For all of the careful visual touches and decent laugh lines from Hill, though, The Sitter is flimsier and less developed than Green’s previous comedies. All three have a shaggy, episodic structure, and this one in particular apes the Pineapple Express formula of overtaxed slackers placed into comically dangerous situations. But The Sitter also feels cut down to its barest essentials; even the extended version available on DVD fails to clear the 90-minute mark. This makes the movie admirably fleet but sometimes too thin to walk straight: there are moments where the movie plugs a handful of dialogue exchanges into montages in a way that suggests salvaged footage more than the freewheeling improv Hill is known for.

The screenplay has sensitive arcs in store for all three kids, but rushes through them. Slater gets the most delicate, verging on heartbreaking, as Noah comes to intuit a secret about his inner life, while Blythe’s is more satirical: she’s a preteen girl who worships at the altar of celebutantes and signature fragrances. “That’s a hot name,” she tells Noah when they meet (when he tells her it’s Biblical, she is undeterred: “The Bible is a hot book!”). Rodrigo’s acting out over not fitting in with his adopted family gets the most cursory treatment, reduced to a few killer sight gags and an afterthought of a heart-to-heart with Slater.

Even in the longer cut, more of the extra time goes to Rockwell and Smoove—not unwelcome (especially when extending Hill’s long journey into Rockwell’s sinister palace) but providing no solution to the movie’s raggedness. The Blu-Ray’s 25 minutes of additional deleted and extended scenes provide insight into that raggedness: while a lot of “extended” versions of scenes tend to add just 30 or 60 seconds, several of these double or triple in length, with far more room to breathe. Minor story details are clarified, performers like Smoove and Ari Graynor get more to do, and there’s even an excised Hill/Rockwell fight on a very David Gordon Green-y old-timey carousel (the kind that would’ve sat rusting in the woods in Undertow). 

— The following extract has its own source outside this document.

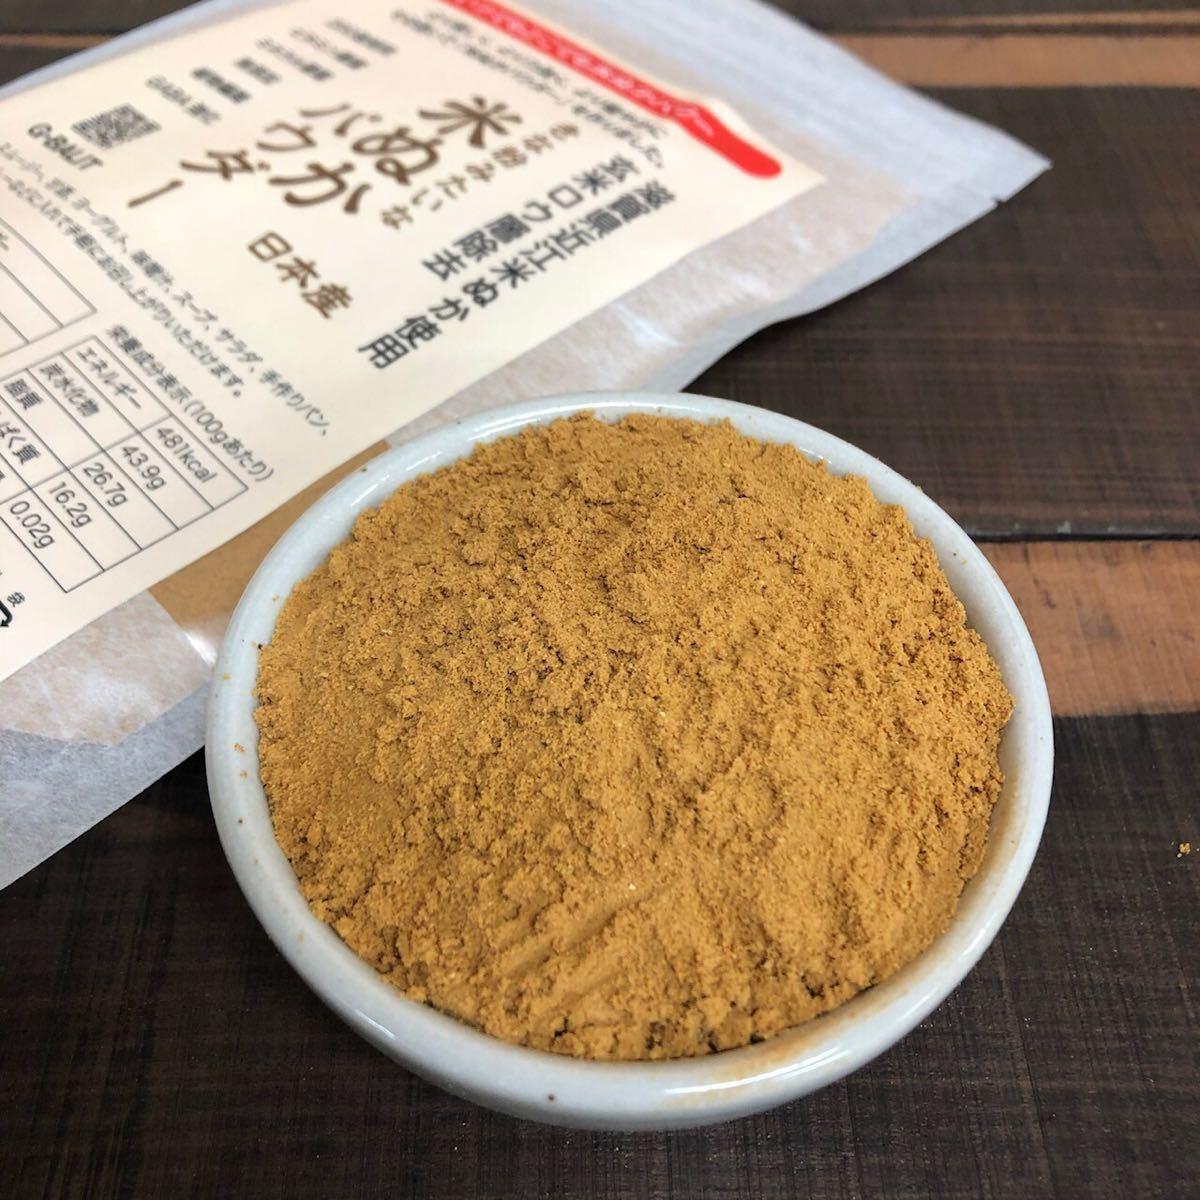 きな粉のような米ぬかパウダー 500g 滋賀県産無農薬近江米ぬか使用 米ぬか 無添加 食物繊維 ビタミン B ビタミンE ミネラル UP HADOO_画像3

These moments won’t pacify the most disappointed of the director’s fans, but they would’ve made for a smoother yet even more offbeat ride. But even on the unrated cut, only slivers of the deletions make it back in—an odd decision given that the longest possible version of this movie would still come in well under two hours. Both versions of the movie, then, feel more studio-hacked than director-approved.

It’s hard to know for sure without a greater presence from Green; the disc lacks a commentary track, and even some of the making-of materials focus more on Hill. Green contributed to the enthusiastic Your Highness track, but neither he nor Hill takes to the microphone to further contextualize The Sitter as a passion project. The easy reasoning is that this isn’t one; it feels like a lark with an unnecessary 90-minute cap on its running time.

Regardless of whose cut this is, though, Green shouldn’t be dismissed as a cashing-in wallower. His comedies, as as mangy and ambling as it can be, are no less sincere than his dramas. Ten or 15 years from now, after Green has been afforded the chance to experiment in more genres, The Sitter may look like, if not a lost masterpiece, at least a likable, neglected little kid.